In review seriousness, I enjoyed this book. Blythe is an engaging character, and it was enjoyable to follow along with everything she's trying to accomplish. Love, life, and so much in general, Pass The Hot Stuff is a story that engages the reader, sweeps them into a journey full of laughter, tears, and emotion. I enjoyed Ms. Page's voice, as the writing is fresh, fun, and full of zing.
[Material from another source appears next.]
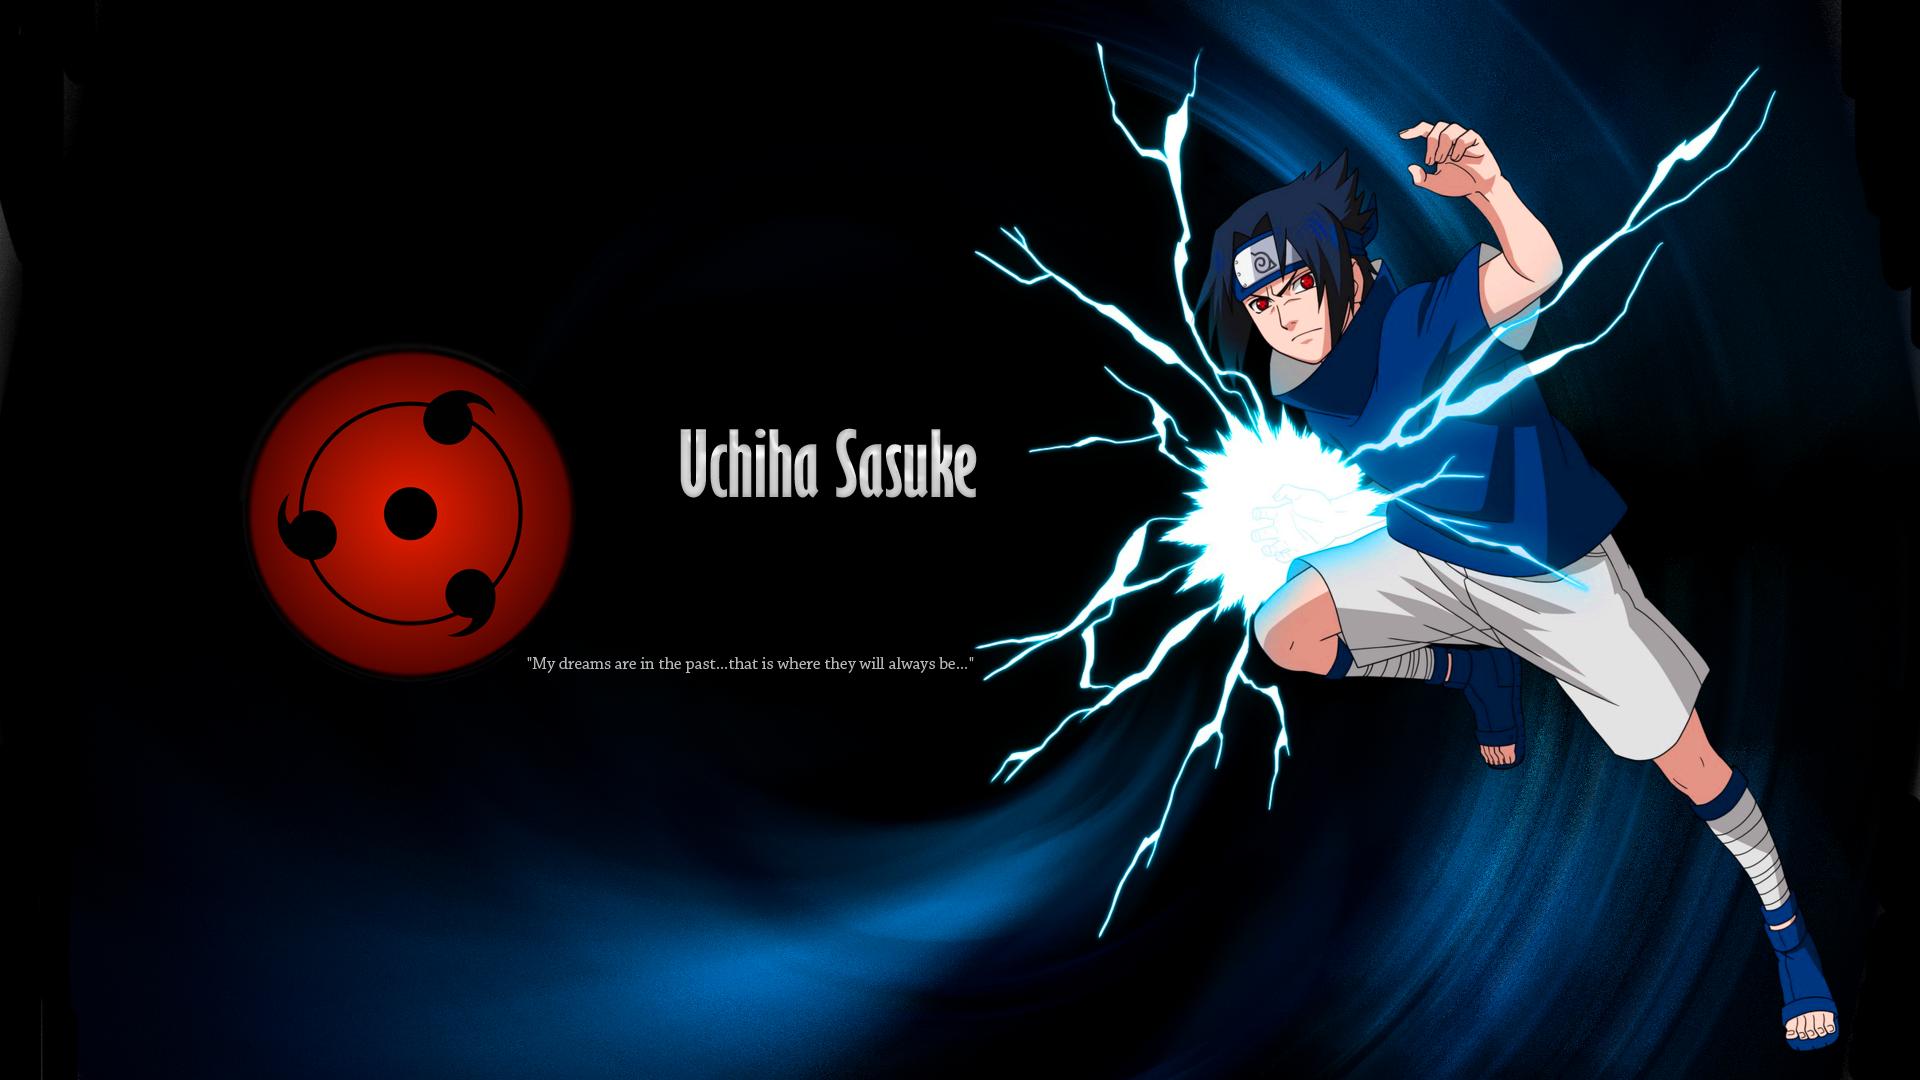 Naruto Shippuden Sasuke Exclusive HD Wallpapers #4617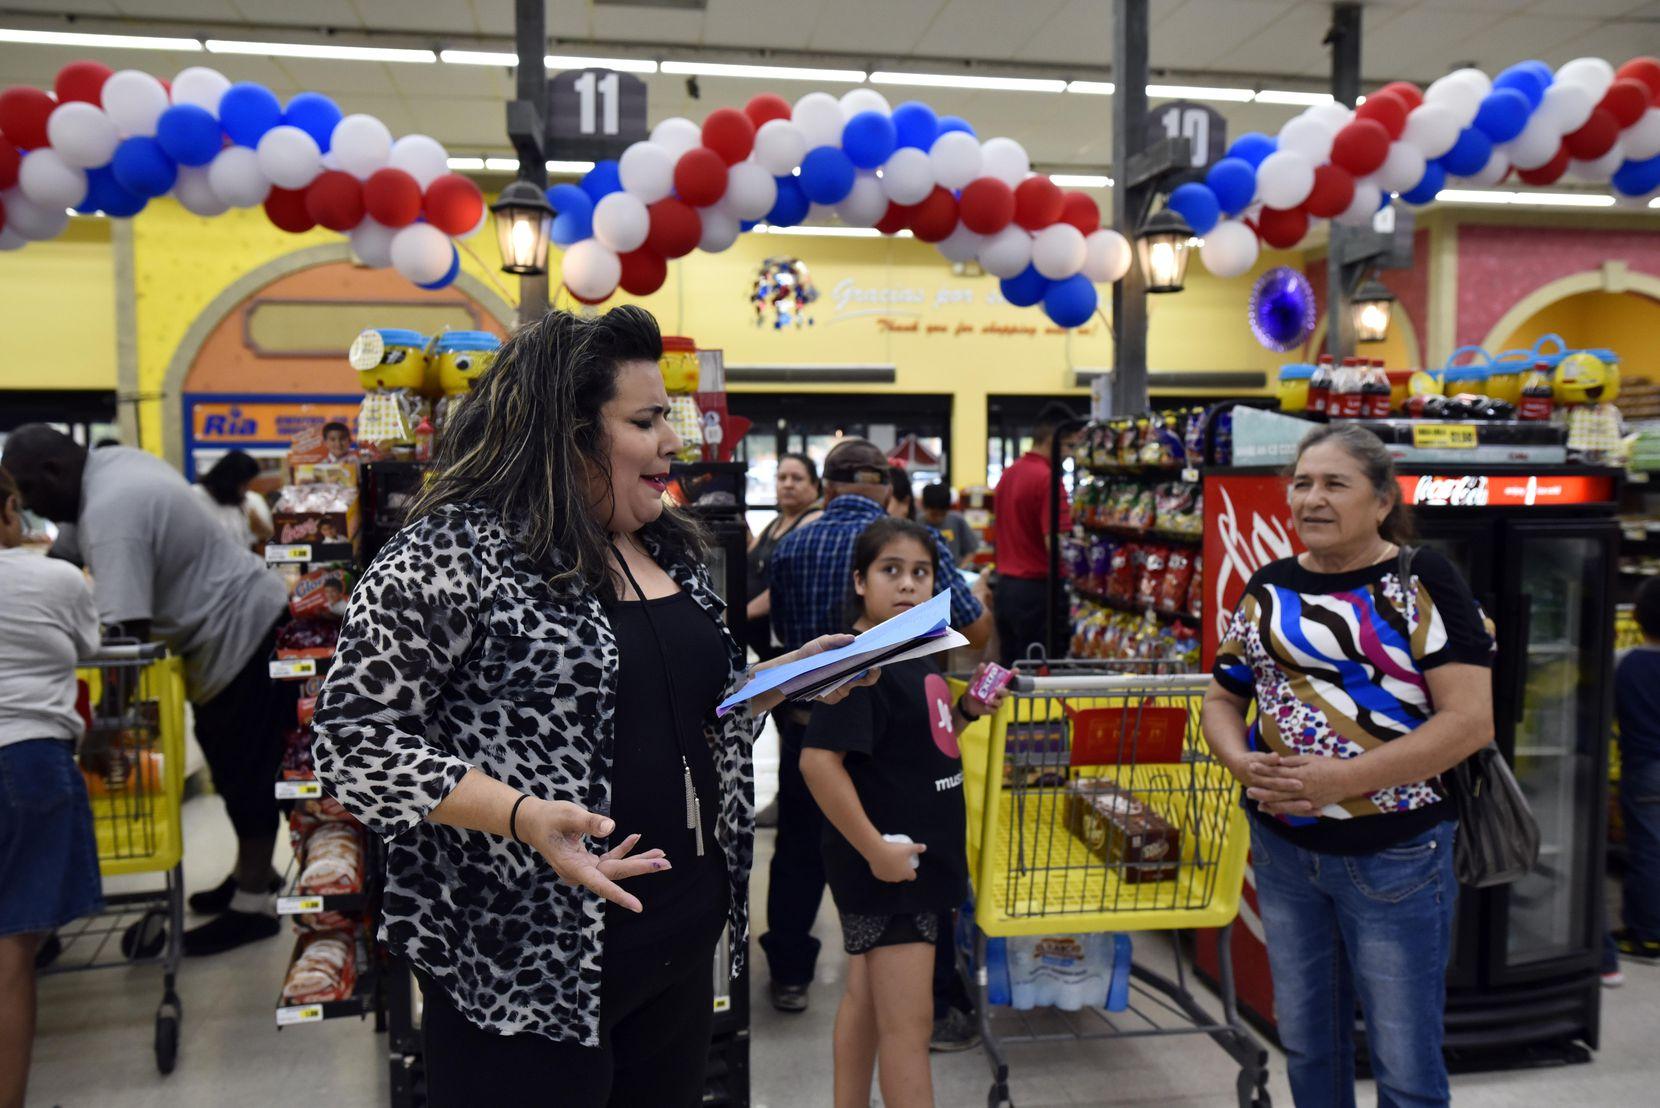 Priscilla Rice lee sus poemas a las familias que hacen fila para sus compras en El Rancho, en Pleasant Grove. BEN TORRES/AL DÍA

There were so many things that surprised me. The story is filled with twists and turns. I think Blythe is a character any woman can relate to...She's just trying to get by in a world full of craziness. Her family...they crack me up!
Pass the Hot Stuff is more than just romance, it's a book that will make you think, and you come away after reading it with a good feeling. To me, that's very rewarding.
Dana Page was raised in Memphis, Tennessee. Born just down the road from Memphis in Helena, Arkansas, she considers the Mississippi River Delta her own personal inspiration. Having earned a degree in journalism from Texas A&M University, she has utilized her writing skills in varied areas - small-town politics, human interest stories and writing an entertainment column, to name a few. To support her writing habit, she has worked an odd job or two. Don't ask her about delivering singing telegrams; some things are best forgotten. Pass the Hot Stuffis Dana’s debut novel.